> **Assignment**: Below are lines of records; copy exactly those from the one containing "Bicicleta dobravel antiga" through the one containing "Knipex Kabelschere 200mm", leaving the pictures behind.

> **Source material**:

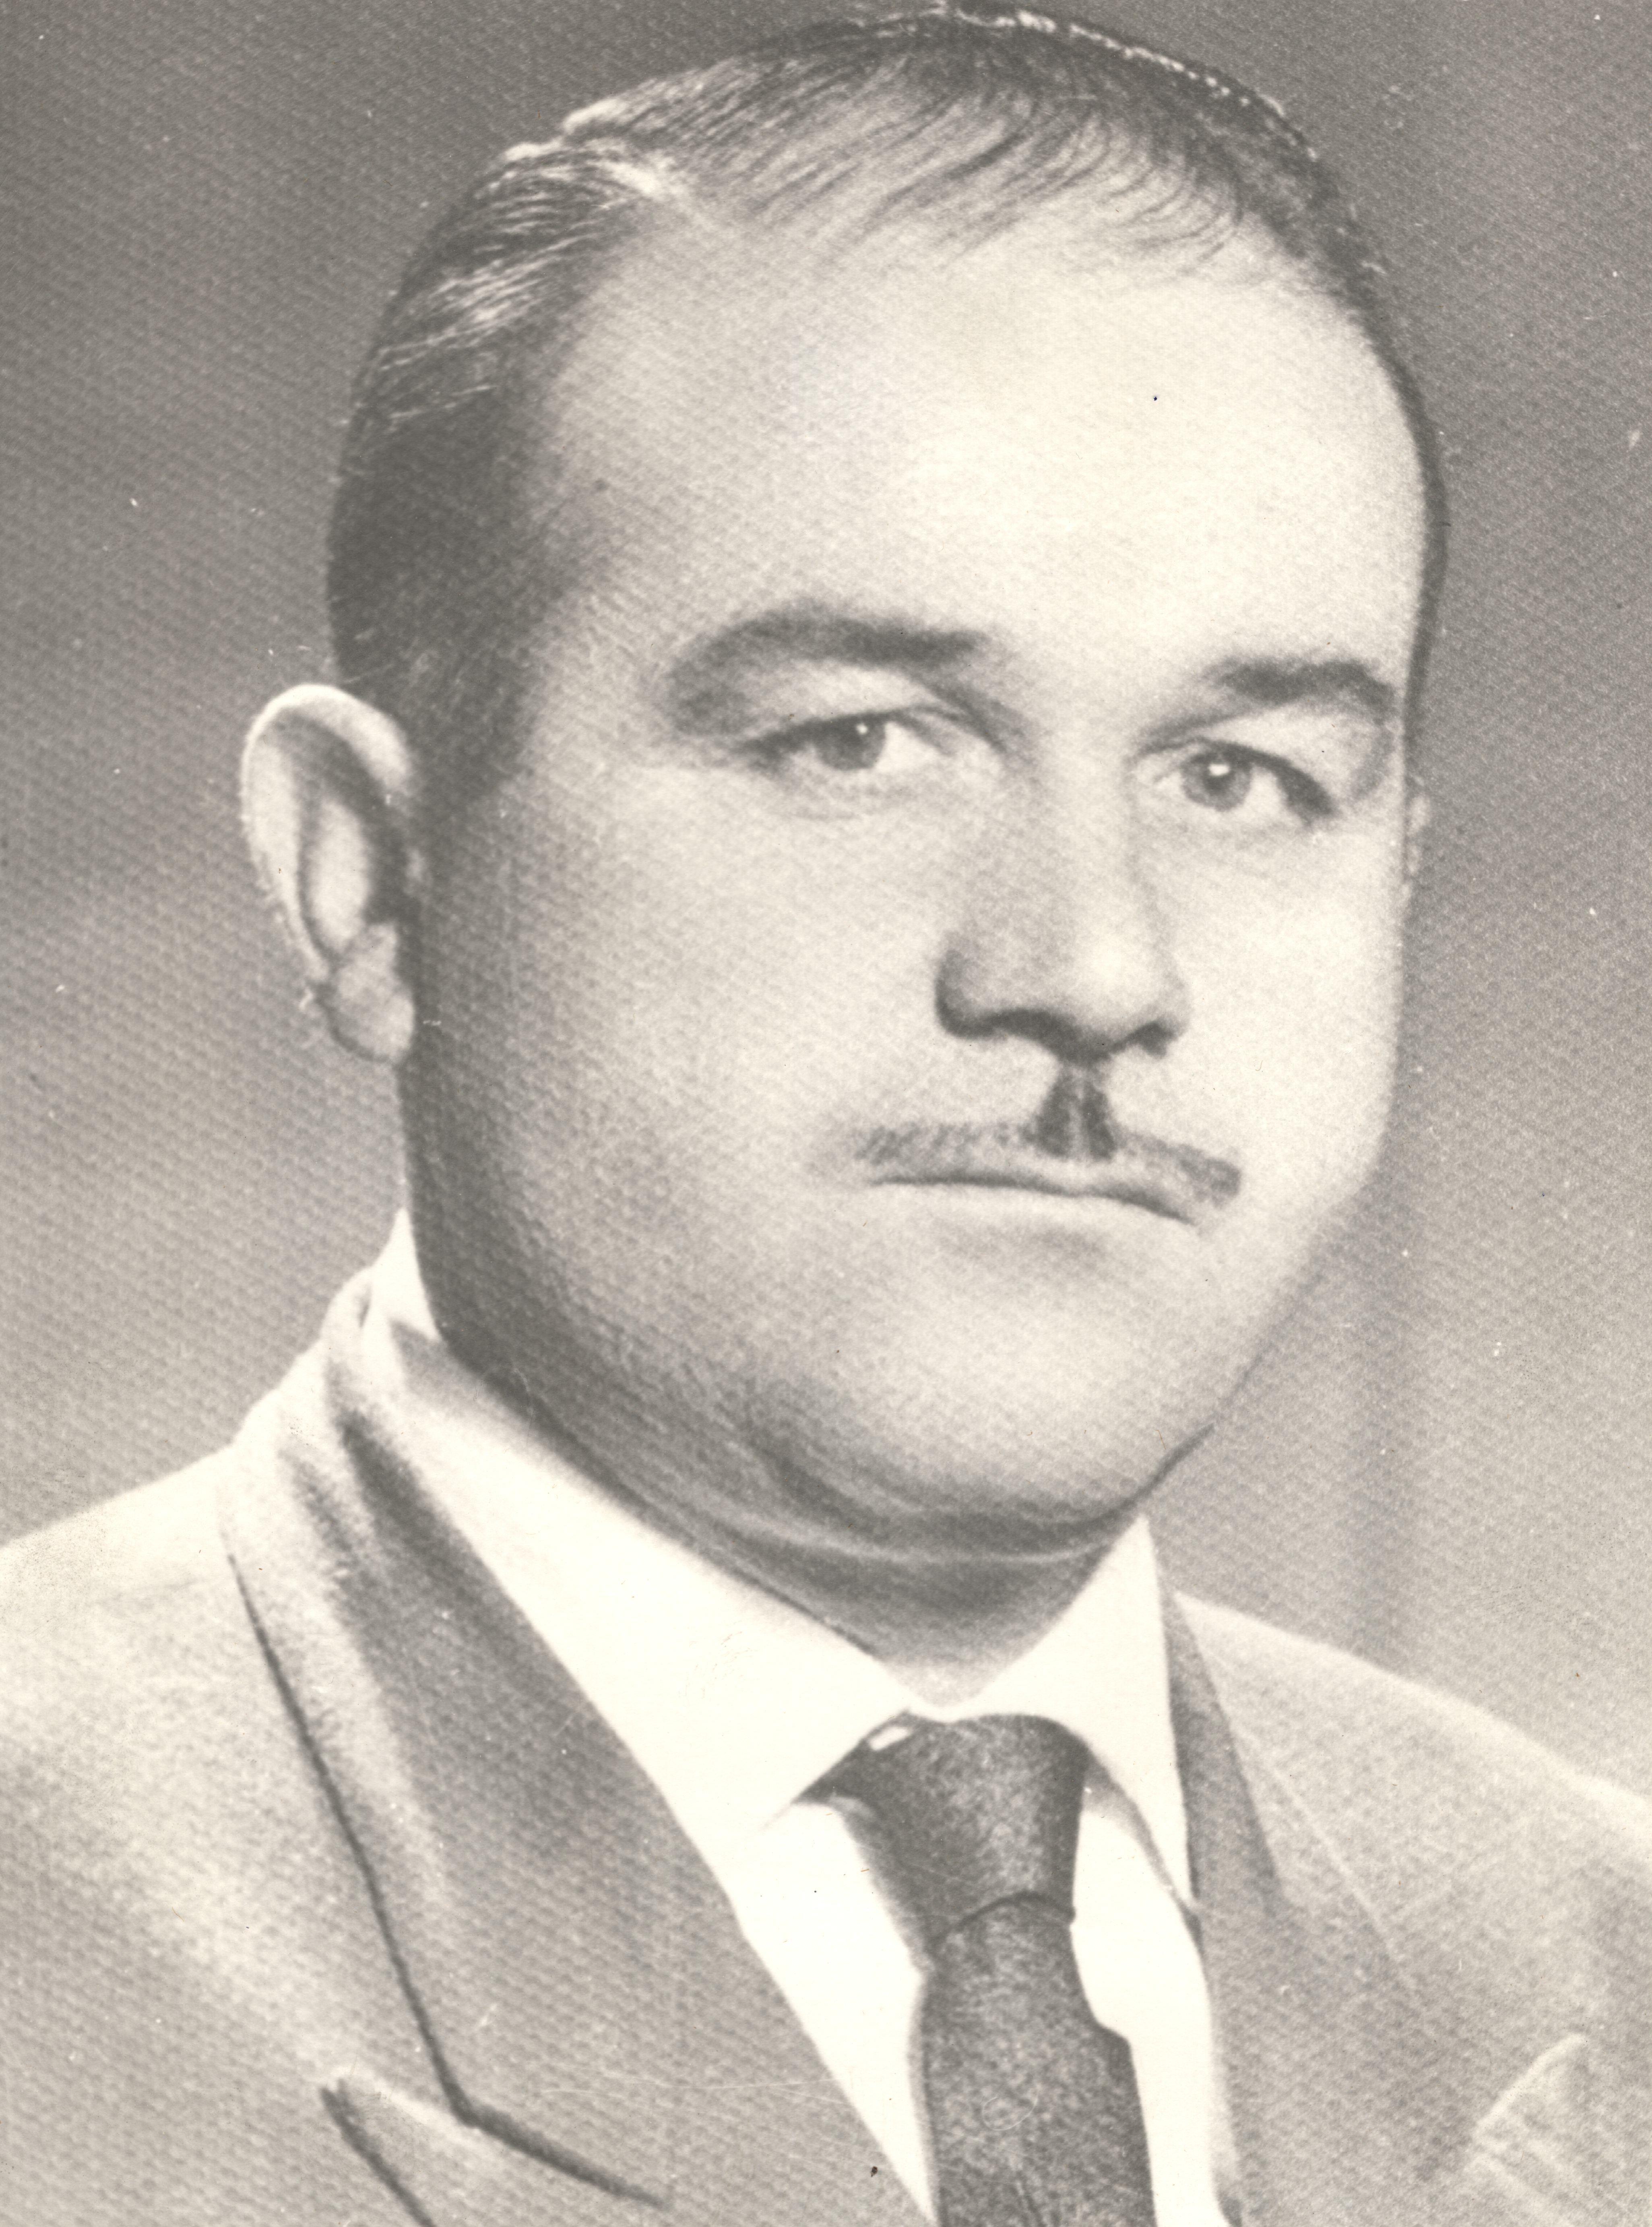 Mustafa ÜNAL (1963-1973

--

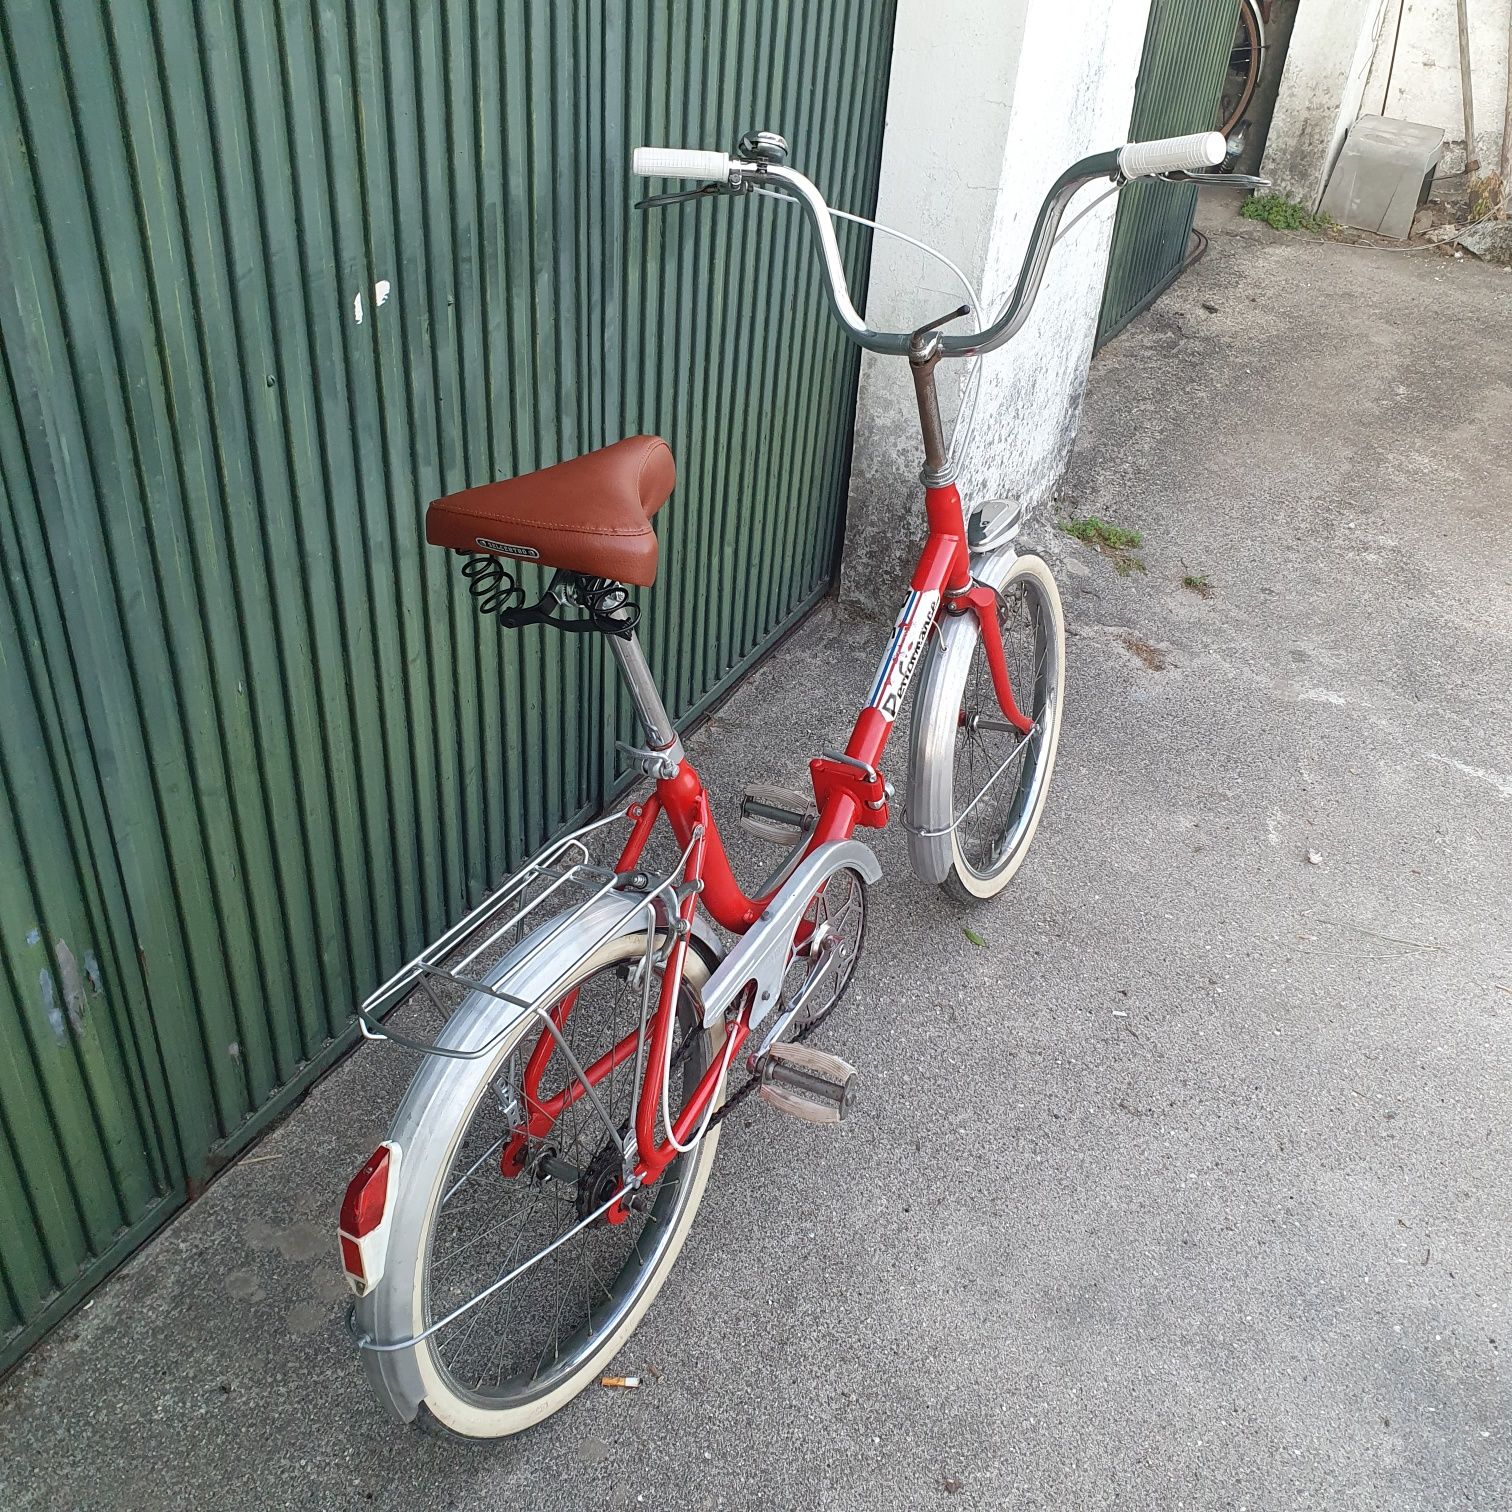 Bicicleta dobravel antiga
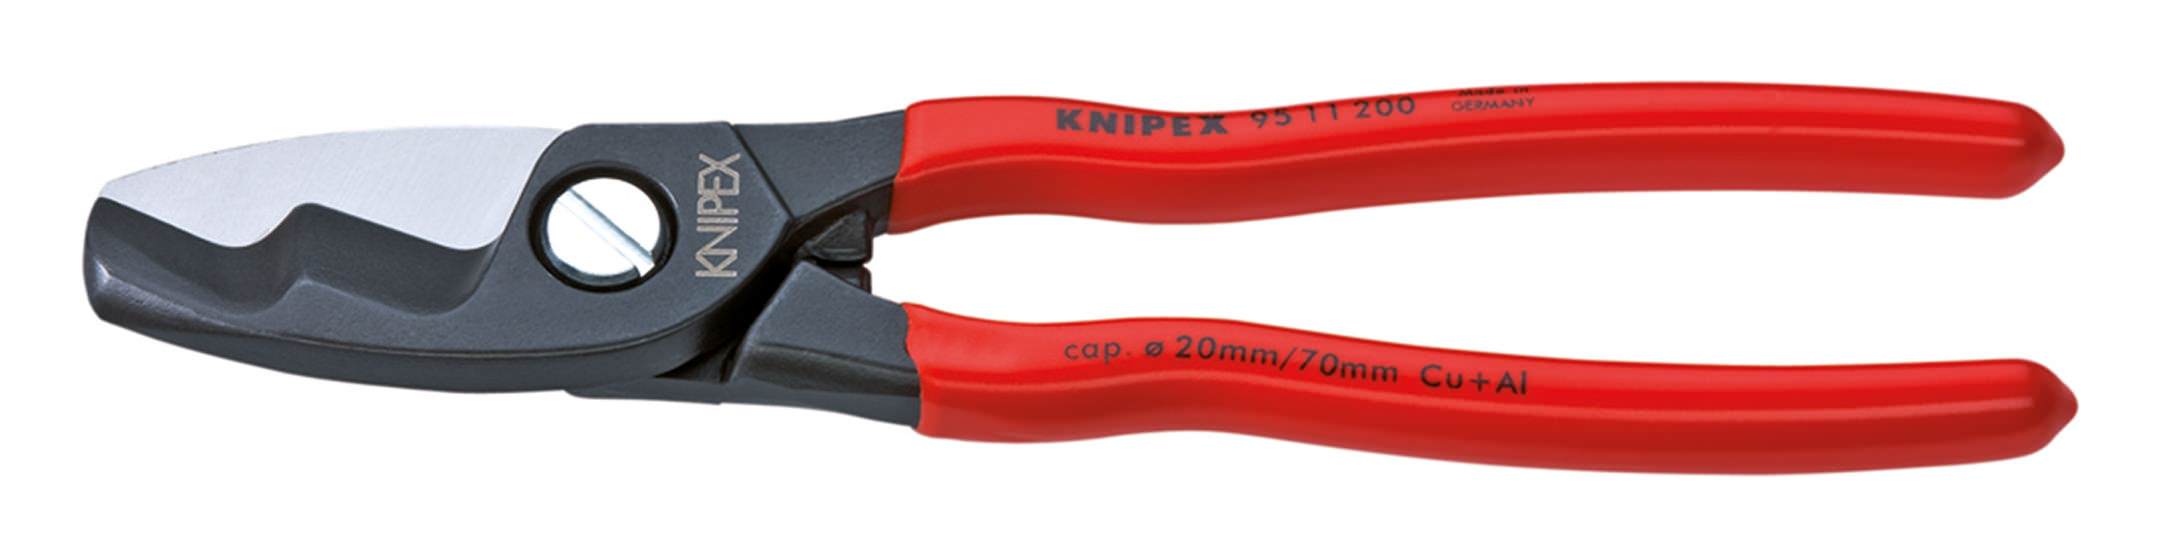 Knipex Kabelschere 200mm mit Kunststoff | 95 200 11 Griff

> **Task output**:
 Bicicleta dobravel antiga
 Knipex Kabelschere 200mm mit Kunststoff | 95 200 11 Griff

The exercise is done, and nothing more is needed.